Technology, Energy Efficiency Maintenance

What’s a Flow Profile and How Do You Make One?


While it may be easier to go with the flow and assume your compressor is sized correctly, to ensure it is at the top of its game you need to build a flow profile.

A flow profile measures your flow (CFM) usage and illustrates how much flow your machinery should be using. Often, pressure (PSI) is measured because it’s easy and inexpensive, unlike measuring flow with a flow meter. Unfortunately, this means that many compressor users rarely know what flow they are using, or what flow they need.

Why should you care about your flow profile?
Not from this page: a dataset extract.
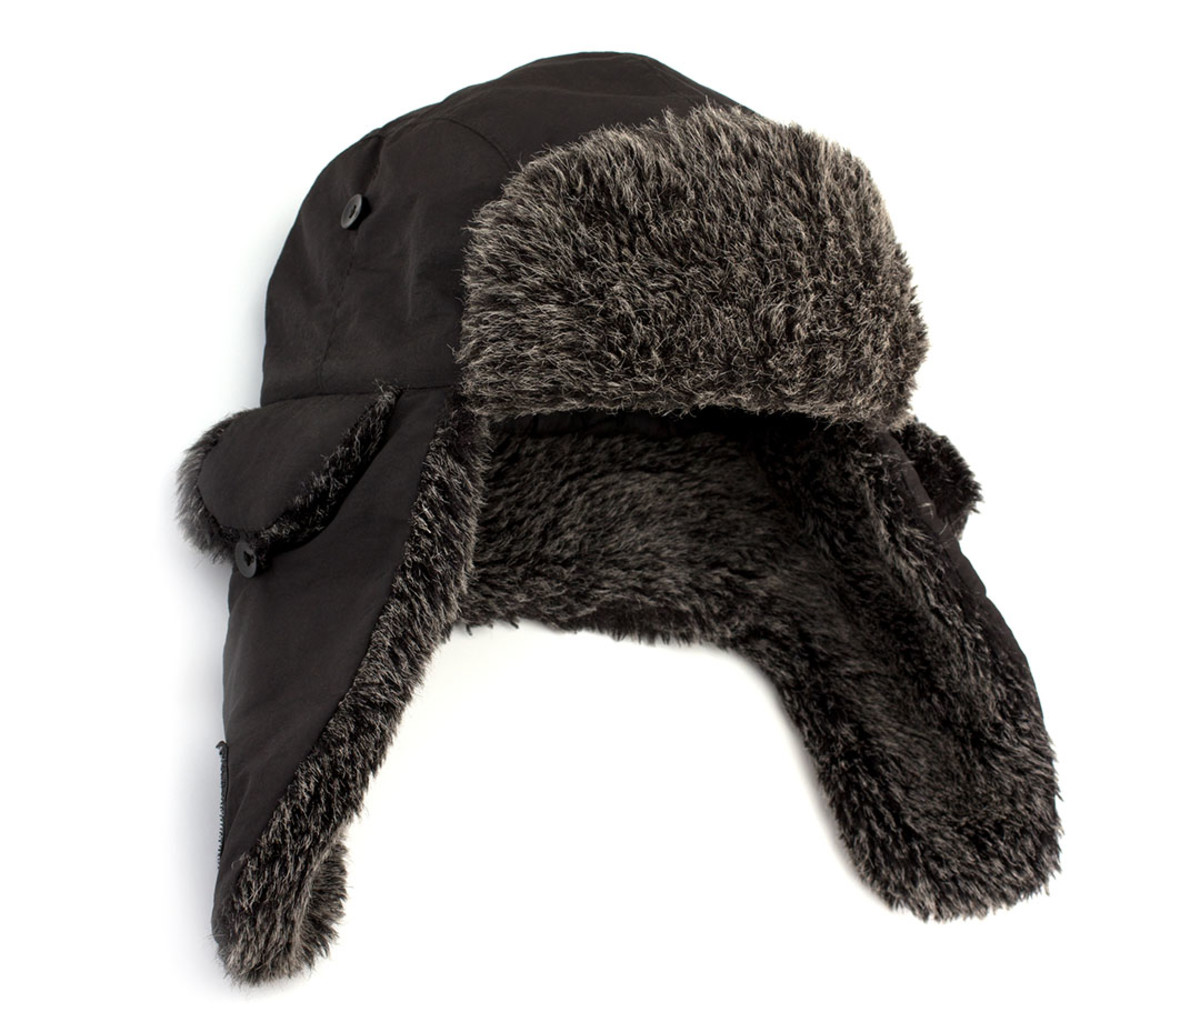 Northwoods trapper hat

  • Flow is as critical to operational effectiveness as pressure. It’s important to understand both CFM and PSI, because in a well-run compressed air system, you can’t have one without the other. Flow is the volume of air and pressure is the force or speed of air. If your compressor has enough PSI, but not enough CFM, that’s like having strength but no endurance to utilize it.
  • Machinery or tools won’t work if CFM is too low. This causes production issues on the line. If you’re adding additional machinery to the line or running more machines simultaneously, CFM could be too low.
  • If the CFM is too high, your compressor could need service maintenance. In turn, the compressor will use more energy than needed and will cause short cycling or running VSD at a lower RPM than recommended. This can shorten your compressor’s life.

So, how do you build a flow profile?

  1. Audit
  2. Rough calculations

Of the two, an audit is the most accurate option. Typically, an audit takes around a week to look at the system’s operations, and by installing a flow meter, you can see whether you are operating at the optimal flow for your system.

Below is a sample audit. There are five compressors in this system. Note that the orange, purple, cyan and black compressors are all running loaded continuously. But the brown compressor is loading and unloading rapidly.

This audit revealed that the brown compressor is too big for the system’s needs. Replacing it with a compressor around half its current size would greatly improve its functionality.

The second option is to calculate your flow profile based on which machinery is using air, when the air is being used and how much CFM is needed to operate the machinery. It’s also important to consider variations in production and work schedules.

Regardless of which option you choose, building a flow profile is better than not doing one at all. It can extend your compressor’s lifespan and ensure it’s using the optimal flow for its workload.